This tutorial uses [Bahdanau attention](https://arxiv.org/pdf/1409.0473.pdf) for the encoder. Let's decide on notation before writing the simplified form:

* FC = Fully connected (dense) layer
* EO = Encoder output
* H = hidden state
* X = input to the decoder

And the pseudo-code:

* `score = FC(tanh(FC(EO) + FC(H)))`
* `attention weights = softmax(score, axis = 1)`. Softmax by default is applied on the last axis but here we want to apply it on the *1st axis*, since the shape of score is *(batch_size, max_length, hidden_size)*. `Max_length` is the length of our input. Since we are trying to assign a weight to each input, softmax should be applied on that axis.
* `context vector = sum(attention weights * EO, axis = 1)`. Same reason as above for choosing axis as 1.
* `embedding output` = The input to the decoder X is passed through an embedding layer.
* `merged vector = concat(embedding output, context vector)`
* This merged vector is then given to the GRU

The shapes of all the vectors at each step have been specified in the comments in the code:

**Reference**
- https://www.tensorflow.org/tutorials/text/nmt_with_attention
- https://heung-bae-lee.github.io/2020/01/22/deep_learning_11/

In [19]:
class Encoder(tf.keras.Model):
    def __init__(self, vocab_size, embedding_dim, enc_units, batch_sz):
        super(Encoder, self).__init__()
        self.batch_sz = batch_sz
        self.enc_units = enc_units
        self.embedding = tf.keras.layers.Embedding(vocab_size, embedding_dim)
        self.gru = tf.keras.layers.GRU(self.enc_units,
                                       return_sequences=True,  # output을 3차원으로 반환 (batch, sequence_length, #units)
                                       return_state=True, # returns the hidden state output and cell state for the last input time step
                                       recurrent_initializer='glorot_uniform')
    def call(self, x, hidden):
        x = self.embedding(x)
        output, state = self.gru(x, initial_state = hidden)
        return output, state

    def initialize_hidden_state(self):
        return tf.zeros((self.batch_sz, self.enc_units))

In [20]:
encoder = Encoder(vocab_inp_size, embedding_dim, units, BATCH_SIZE)

# sample input
sample_hidden = encoder.initialize_hidden_state()
sample_output, sample_hidden = encoder(example_input_batch, sample_hidden)
print ('Encoder output shape: (batch size, sequence length, units) {}'.format(sample_output.shape))
print ('Encoder Hidden state shape: (batch size, units) {}'.format(sample_hidden.shape))

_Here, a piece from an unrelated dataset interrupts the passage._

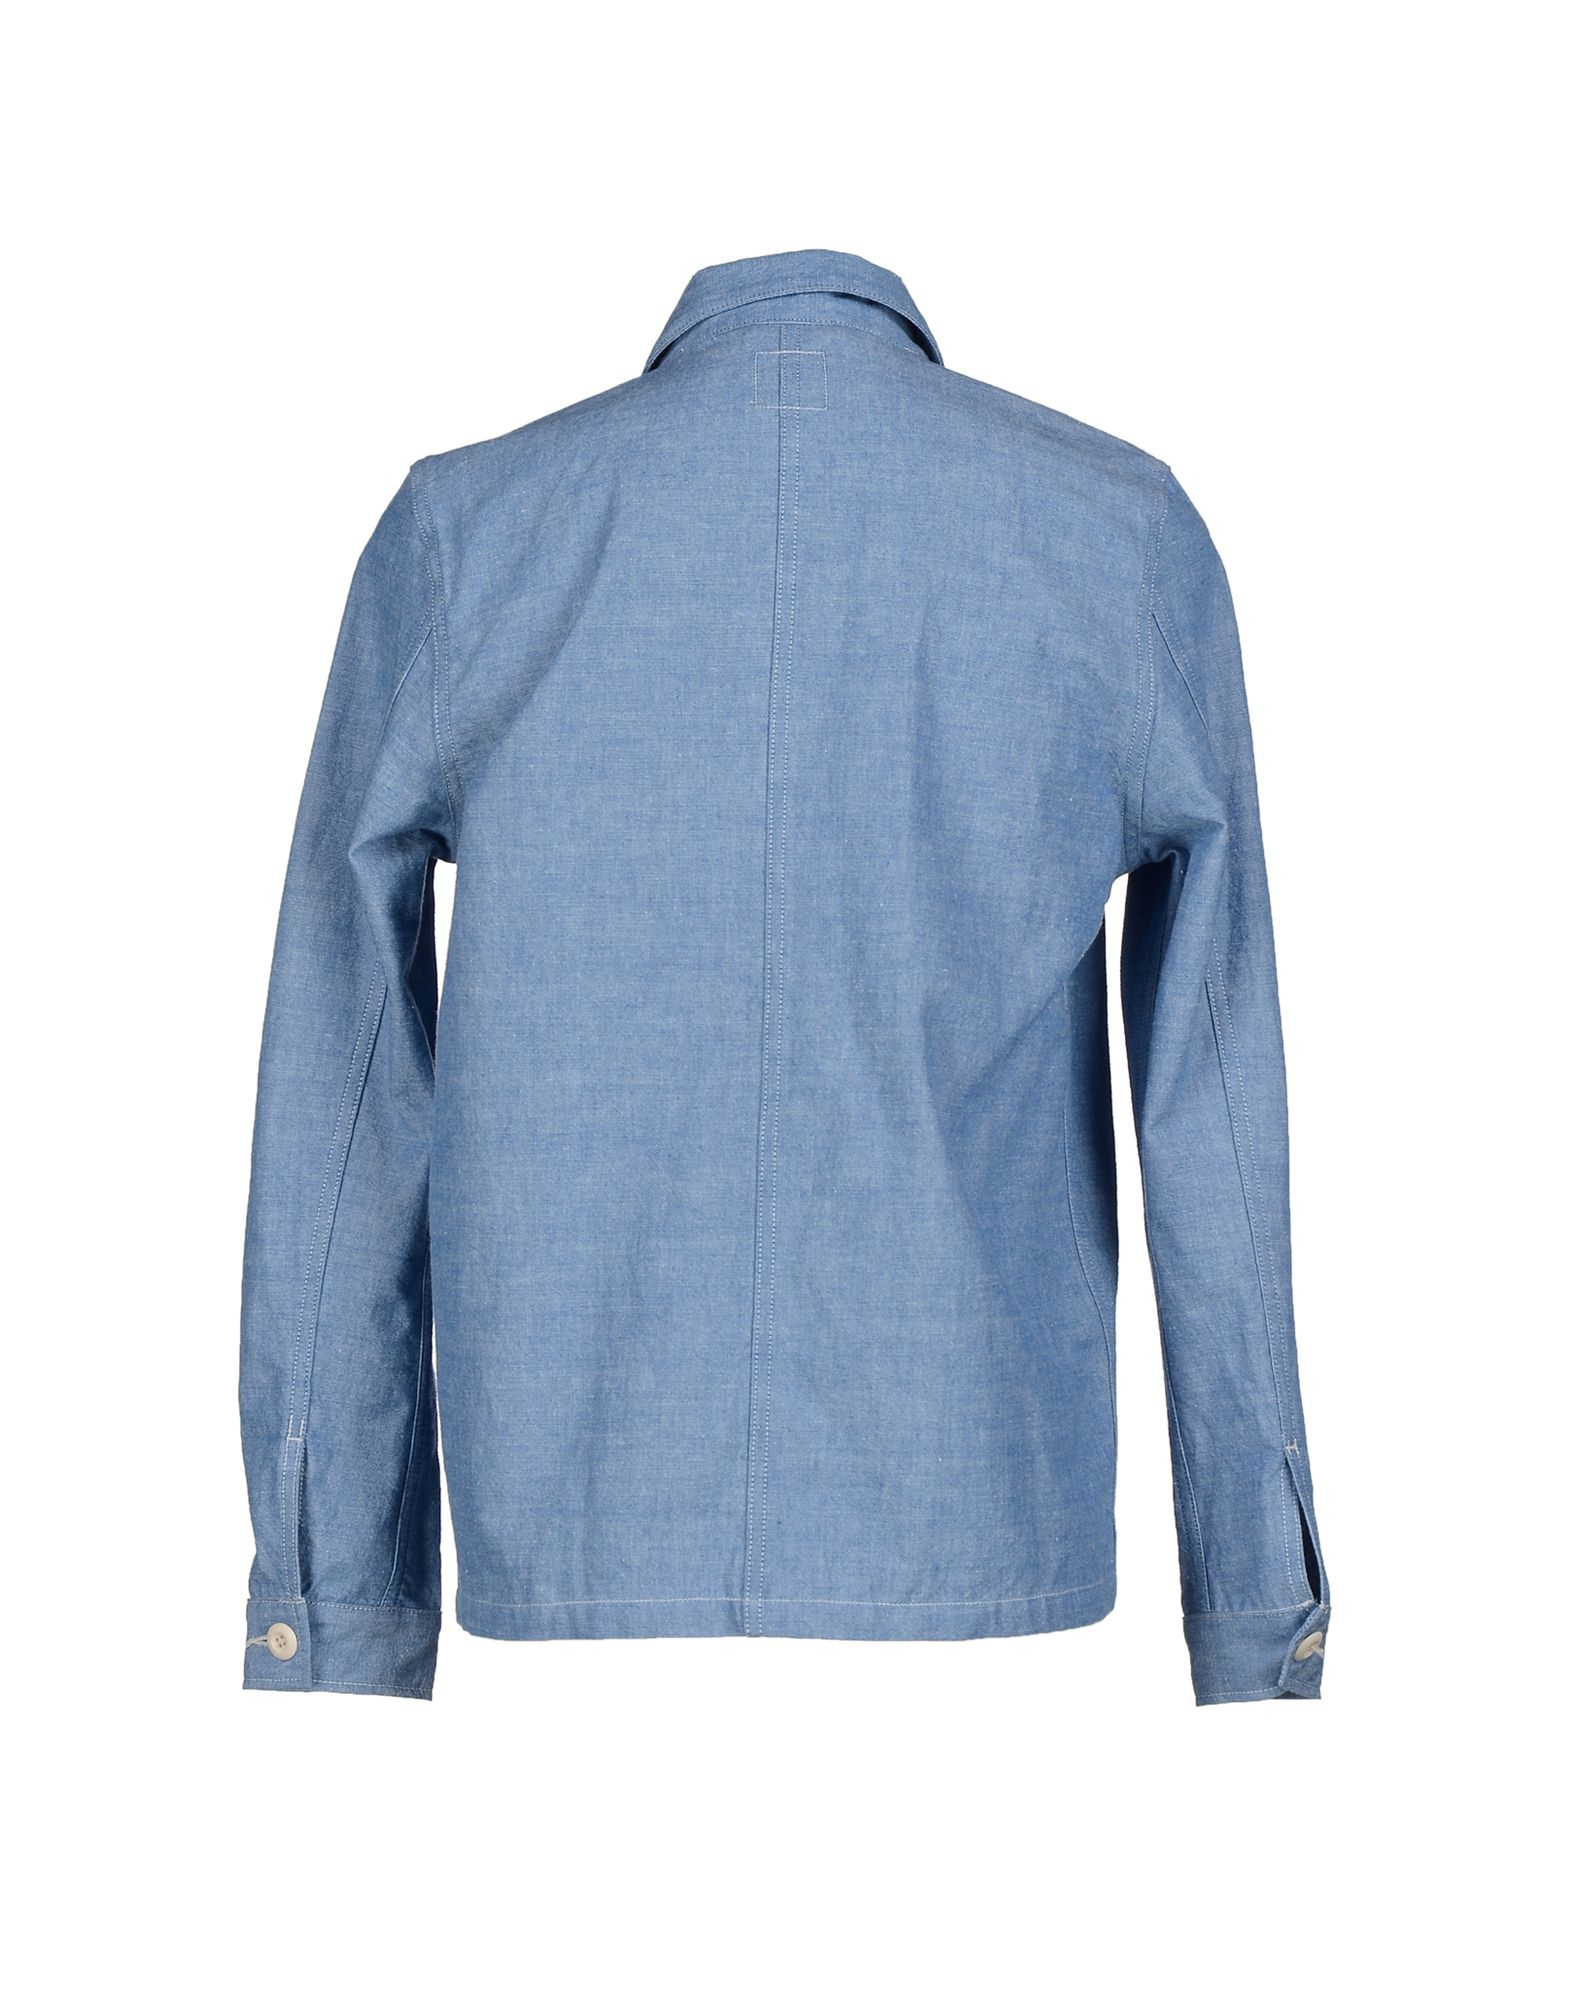 Carhartt Denim Outerwear in Blue for Men | Lyst

Encoder output shape: (batch size, sequence length, units) (164, 72, 1024)
Encoder Hidden state shape: (batch size, units) (164, 1024)


---
바다나우 어텐션 설명 참고

https://www.youtube.com/watch?v=WsQLdu2JMgI

![](imgs/bahdanauAttention.png)

In [21]:
class BahdanauAttention(tf.keras.layers.Layer):
    def __init__(self, units):
        super(BahdanauAttention, self).__init__()
        self.W1 = tf.keras.layers.Dense(units) # time step 별 hidden state
        self.W2 = tf.keras.layers.Dense(units) # decoder hidden state 
        self.V = tf.keras.layers.Dense(1)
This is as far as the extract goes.